THE beverages sector is one in which many investors have taken solace during the recession given the characteristics of stable earnings growth, high overseas exposure and income attractions.
The sector can be broken down into the spirits industry and the brewing industry. Historically, global spirits sales have been less correlated to GDP, making spirit sales more resilient in times of economic downturn.
Beer sales on the other hand are more sensitive to GDP and volumes tend to over-shoot in good years and under-shoot in poor years.
In light of this, as the outlook for the global economy improves, it would seem likely that beer sales could recover more quickly. Over the past decade the beverage industry has consolidated with the top four brewers accounting for just under half of global beer volumes and the vast majority of the industry’s profit. This compares with around 20% in 2000.

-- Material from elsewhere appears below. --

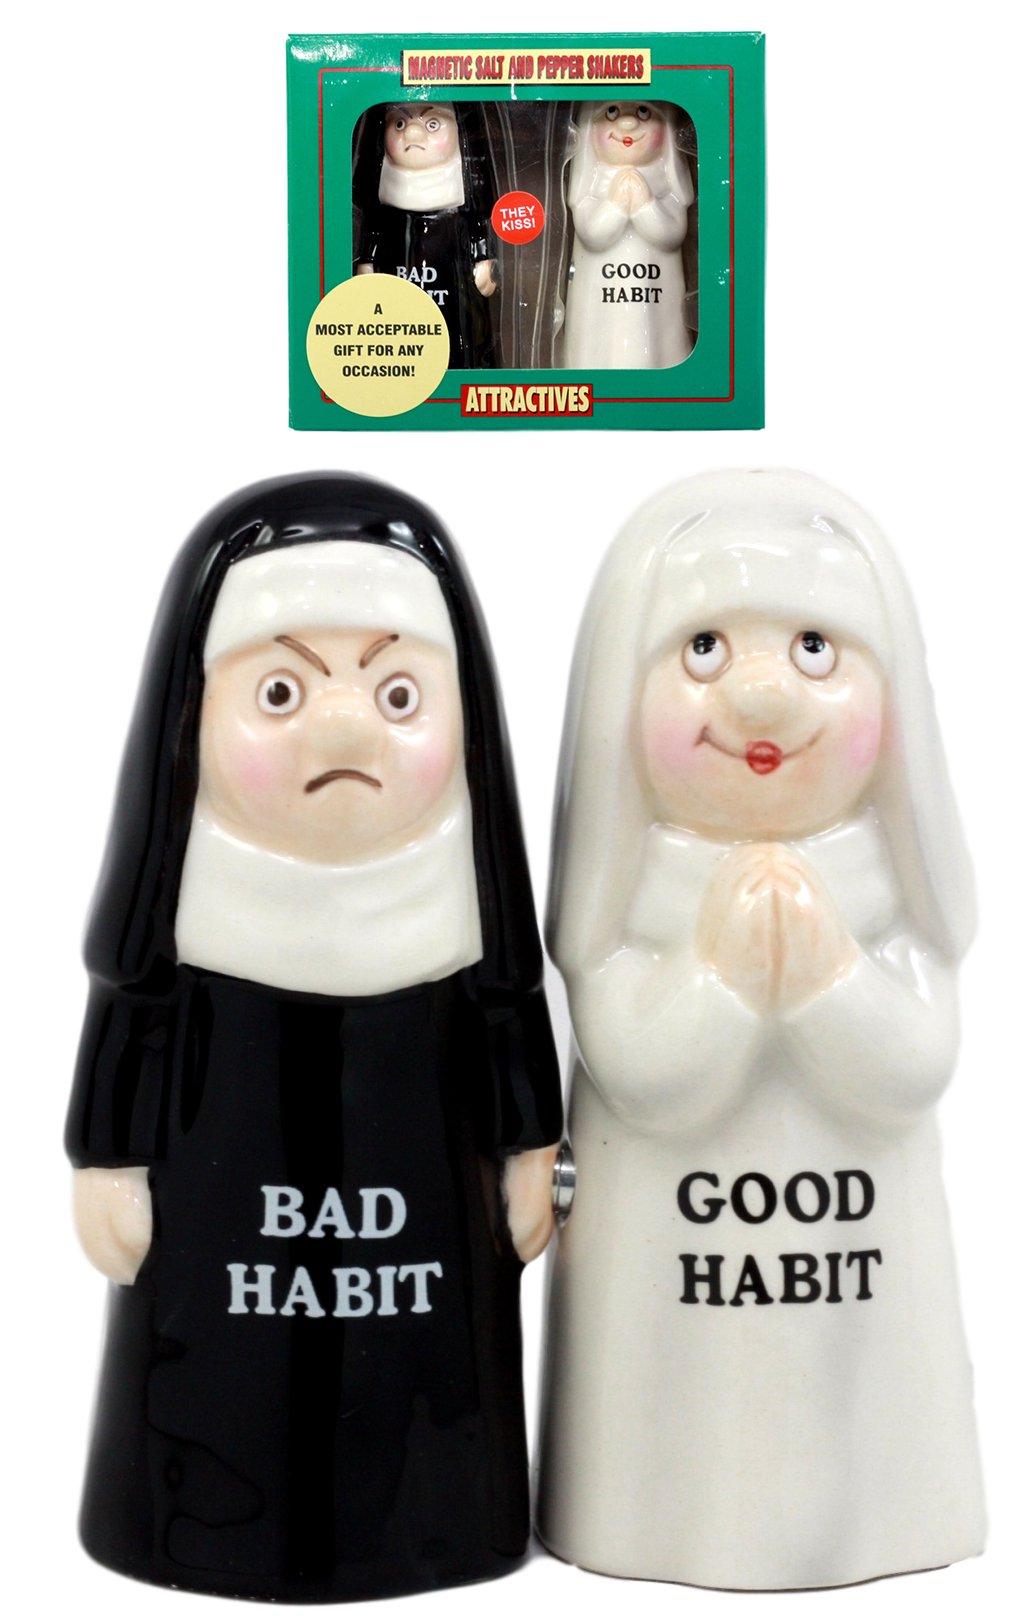 Ebros Gift Good Habits Nun Or Bad Habits Nun Salt & Pepper Shakers Ceramic Magnetic Figurine Set 4''H

Consolidation enables the brewers to increase their pricing power. At 42%, beer is the largest global alcoholic beverage category as measured by litres of pure alcohol and, within that, approximately half of all beer sold across the globe is sold by just four brewers: Anheuser Busch InBev, SABMiller, Heineken and Carlsberg.
As you might expect, beer trends differ considerably in the developed and developing world. Over the past five years, developing world beer volumes have achieved a growth rate of 6.8% compared with a decline of 3.4% in the developed world.

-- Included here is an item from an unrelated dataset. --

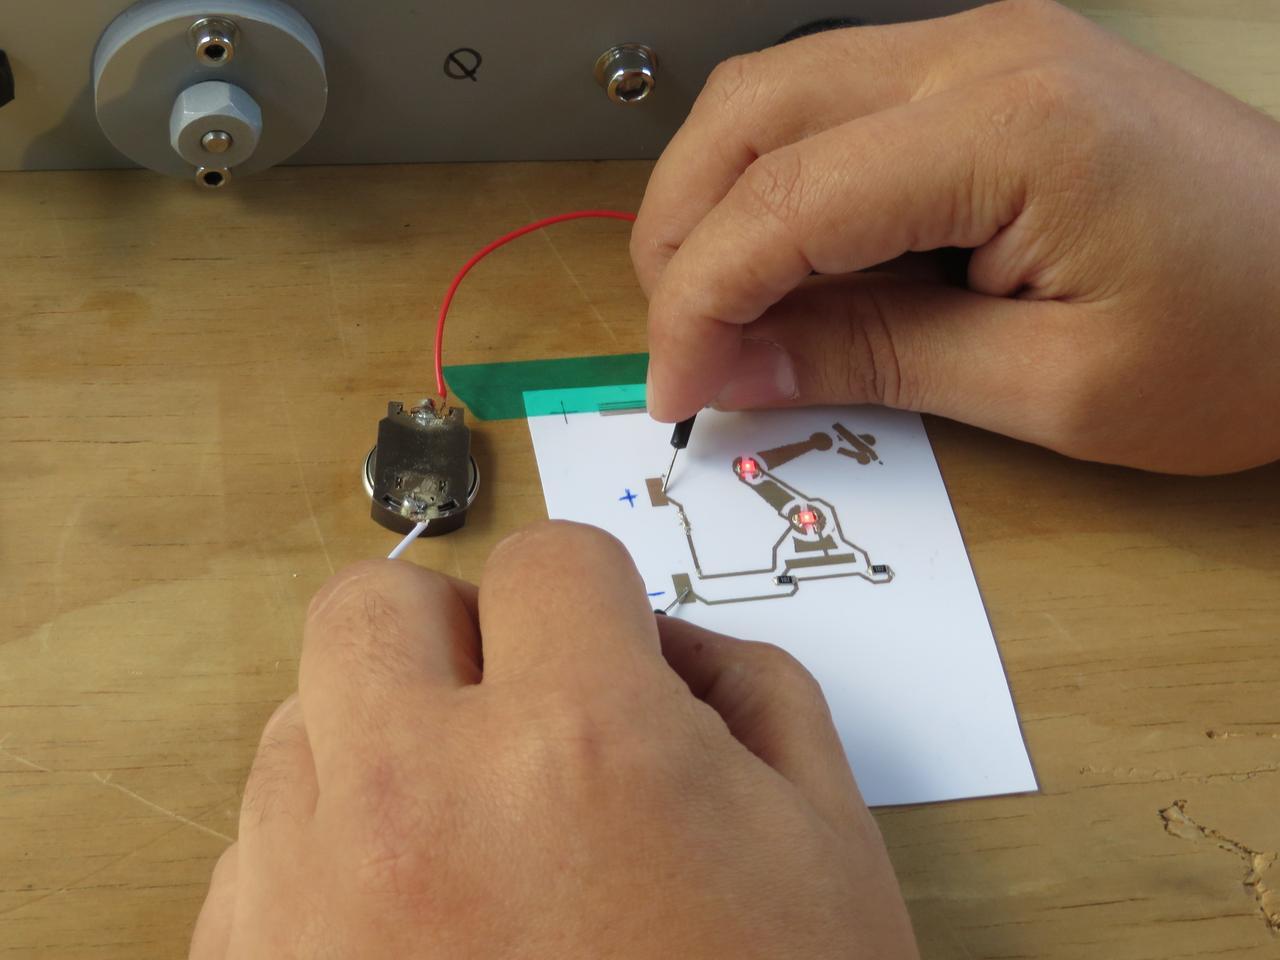 Testing a Squink-made circuit (Photo credit:Eric Mack/Gizmag.com)

Emerging market beer trends are characterised by high volumes as consumers shift from informal, unregulated and often illegal forms of alcohol to aspirational, branded and safer (ie produced in sanitary conditions) beer.
It is estimated that emerging markets account for around 63% of global beer volumes. Given the rising personal wealth in developing markets, these markets may offer the most attractive long term growth particularly China, South East Asia, Africa and Latin America.
One notable trend within the beer industry is the move towards premium beer. Prior to the global recession the trend was accelerating as consumers became increasingly brand conscious.
In beer, this trend is played out in the local premium segment rather than the global premium segment due to the high costs of shipping beer and the importance of local brands. Local premium brands provide brewers with the largest margins as they combine local raw materials and production with premium prices.
As economies improve, the trend towards premium will most likely resume as consumers become more willing to pay for authentic, more image-oriented brands that reflect their socio economic and lifestyle aspirations.
One such example is “Snow”, a brand of bottled beer produced by SABMiller’s joint venture in China. It is positioned for the premium sector of the market.
The two dominant players in the UK beverage sector are Diageo and SABMiller. Diageo operates in the premium drinks market and is principally spirits focused with scotch and spirits representing approximately half of company sales.
SABMiller on the other hand is the second largest brewer in the world by volume with emerging markets representing over 85% of earnings.